• [TASK INSTRUCTIONS] Without the pictures, write the listing below out again, line for line.

• [PROVIDED DATA]
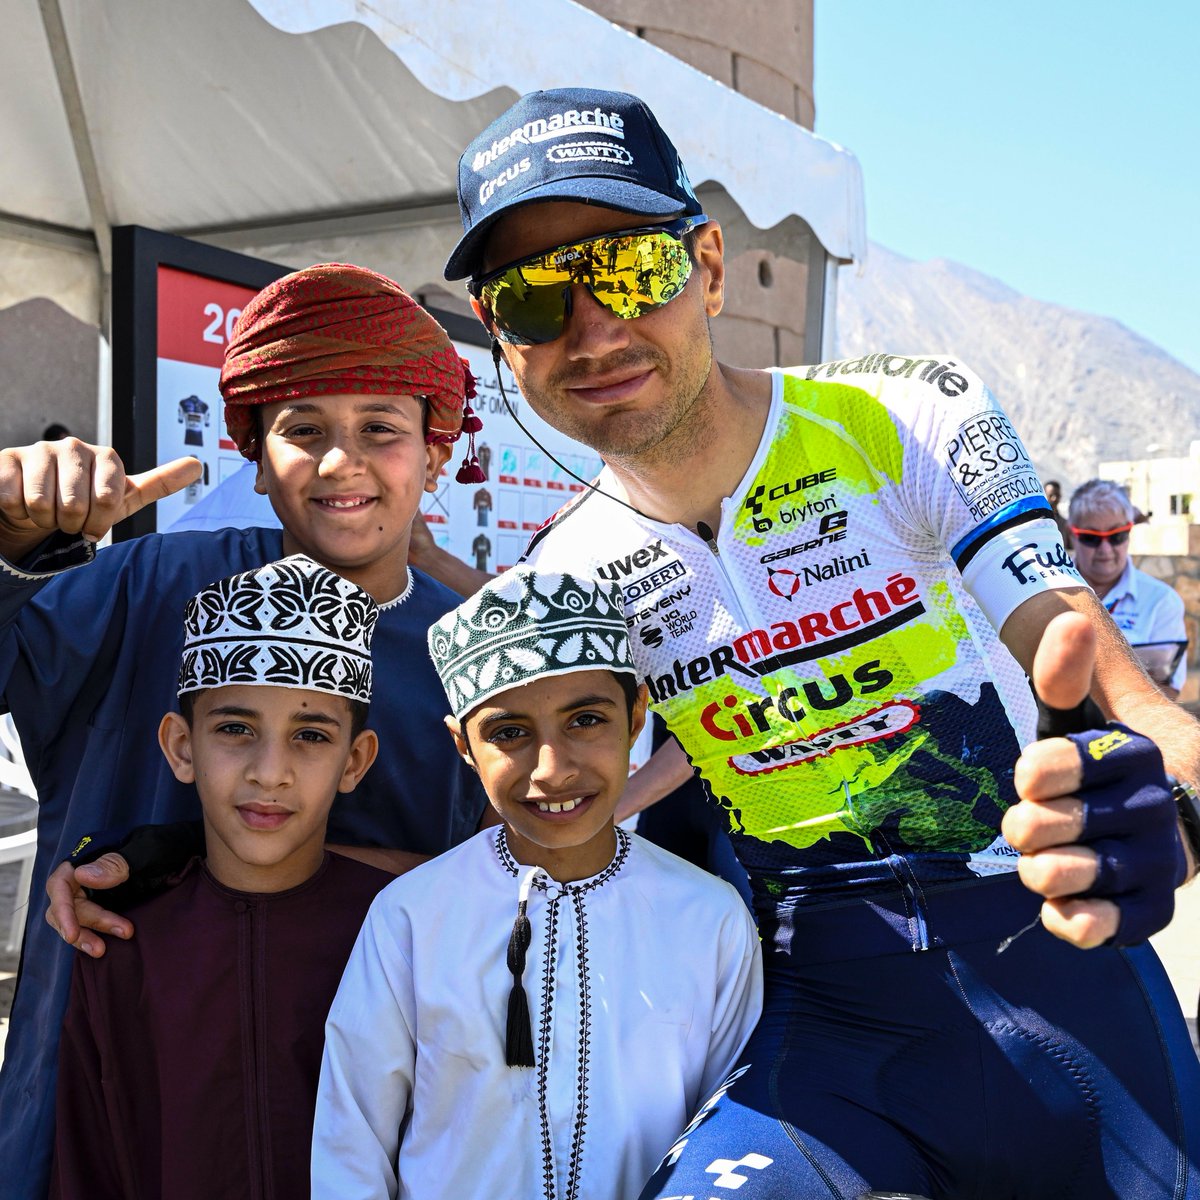 Rein Taaramäe finishes 4th overall of Tour Of Oman after an impressive team display in Green Mountain, where Rein also took 4th place 👏

#TourofOman
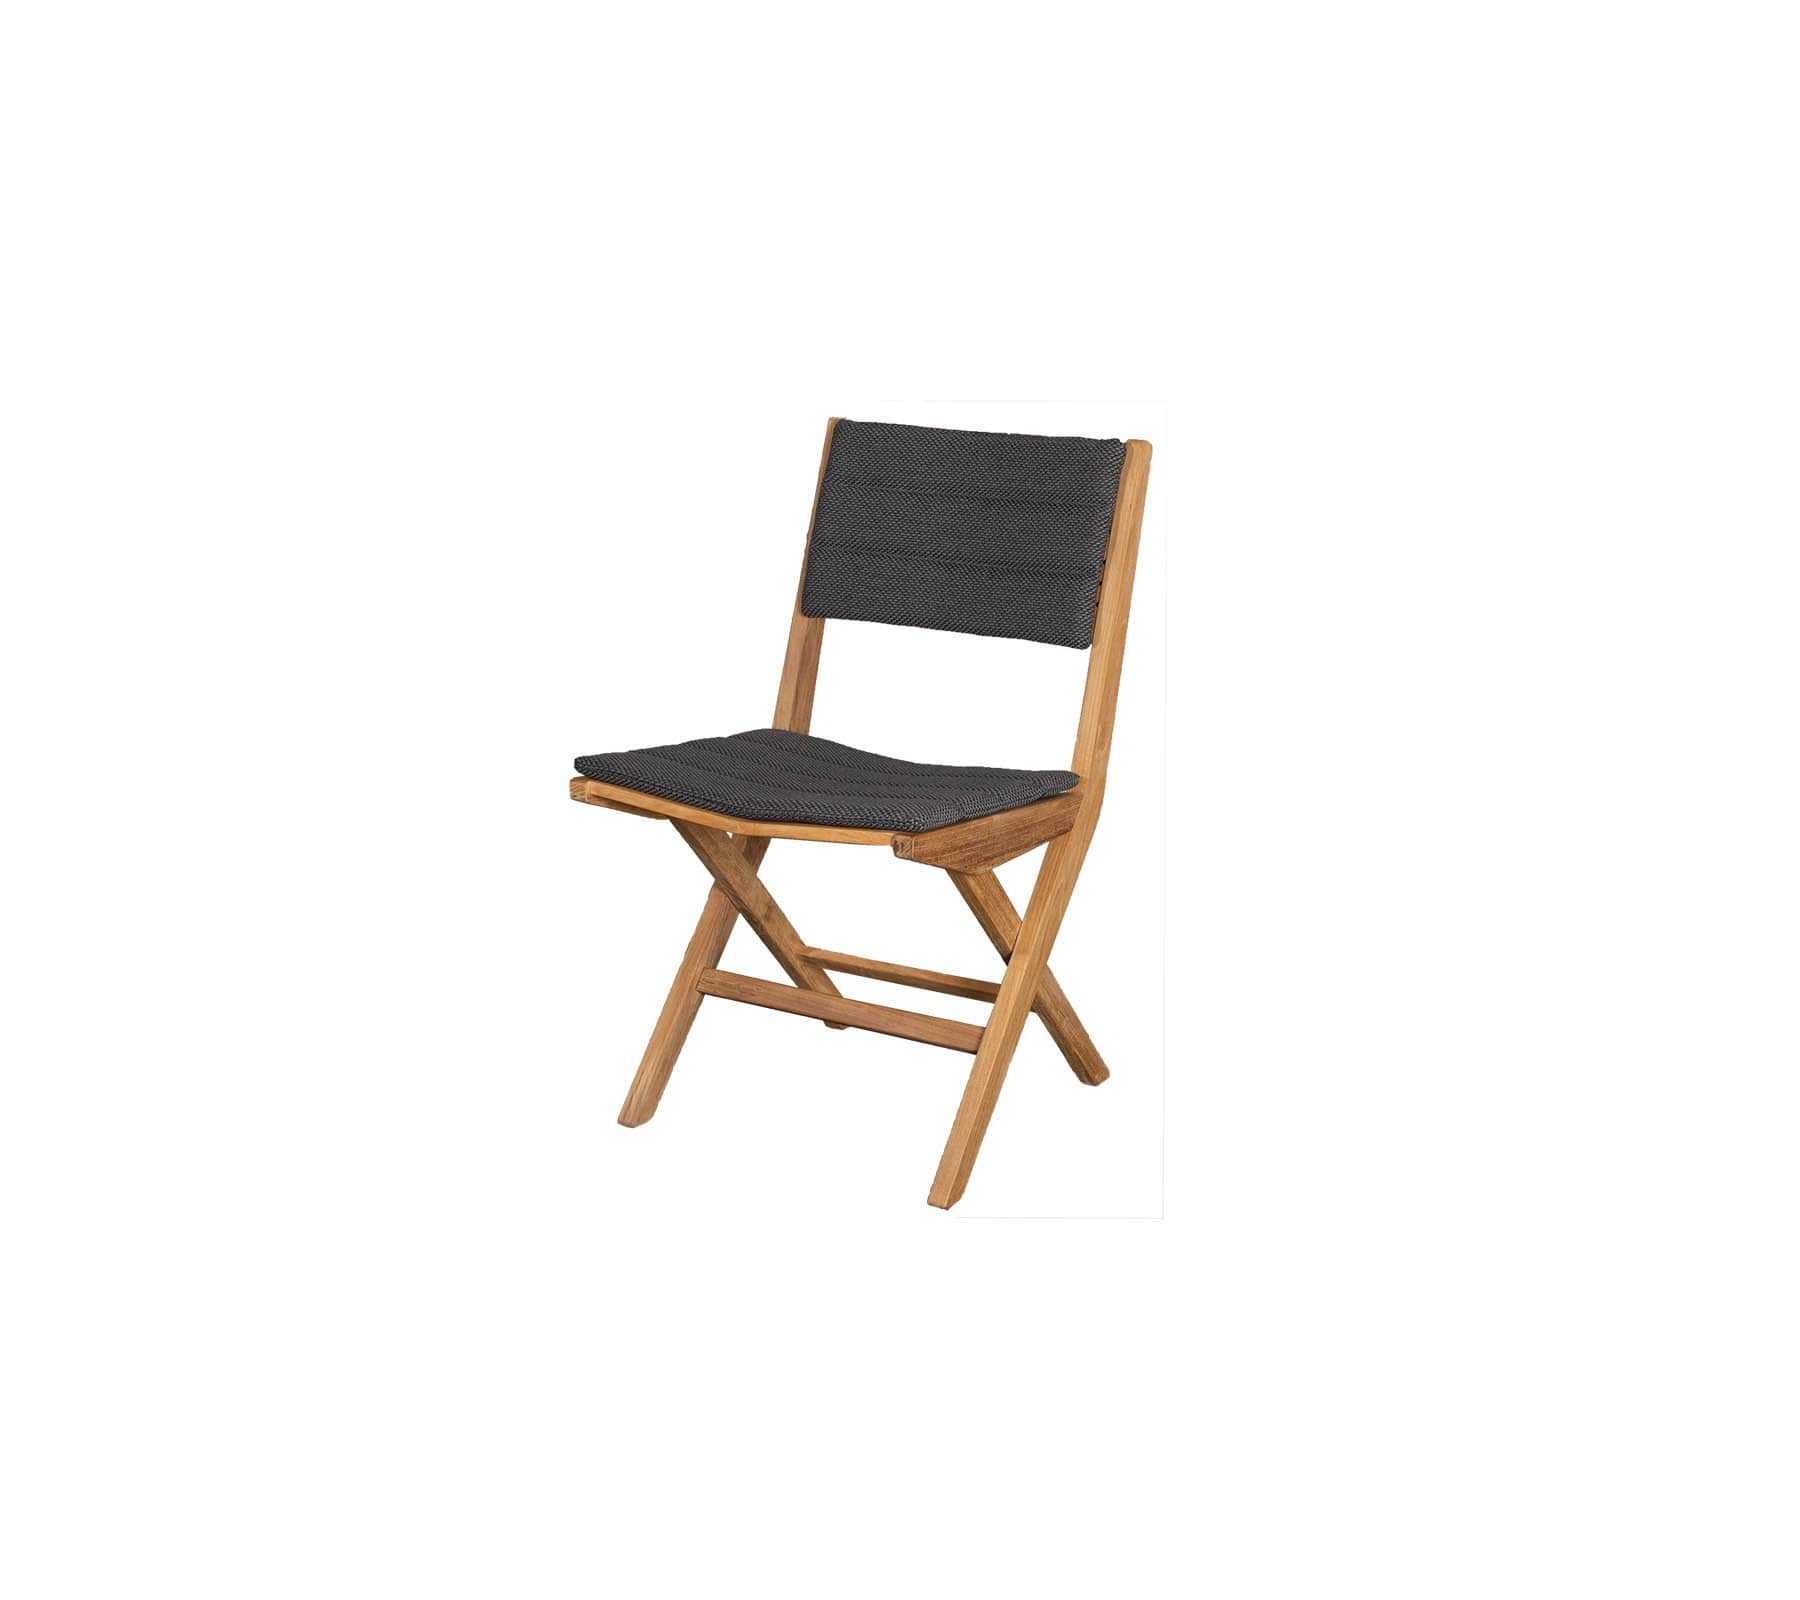  Boxhill's Flip Folding Outdoor Teak Dining chair with  Dark Grey Cushion front side view in white background

• [OUTPUT BELOW]
 Rein Taaramäe finishes 4th overall of Tour Of Oman after an impressive team display in Green Mountain, where Rein also took 4th place 👏

#TourofOman
  Boxhill's Flip Folding Outdoor Teak Dining chair with  Dark Grey Cushion front side view in white background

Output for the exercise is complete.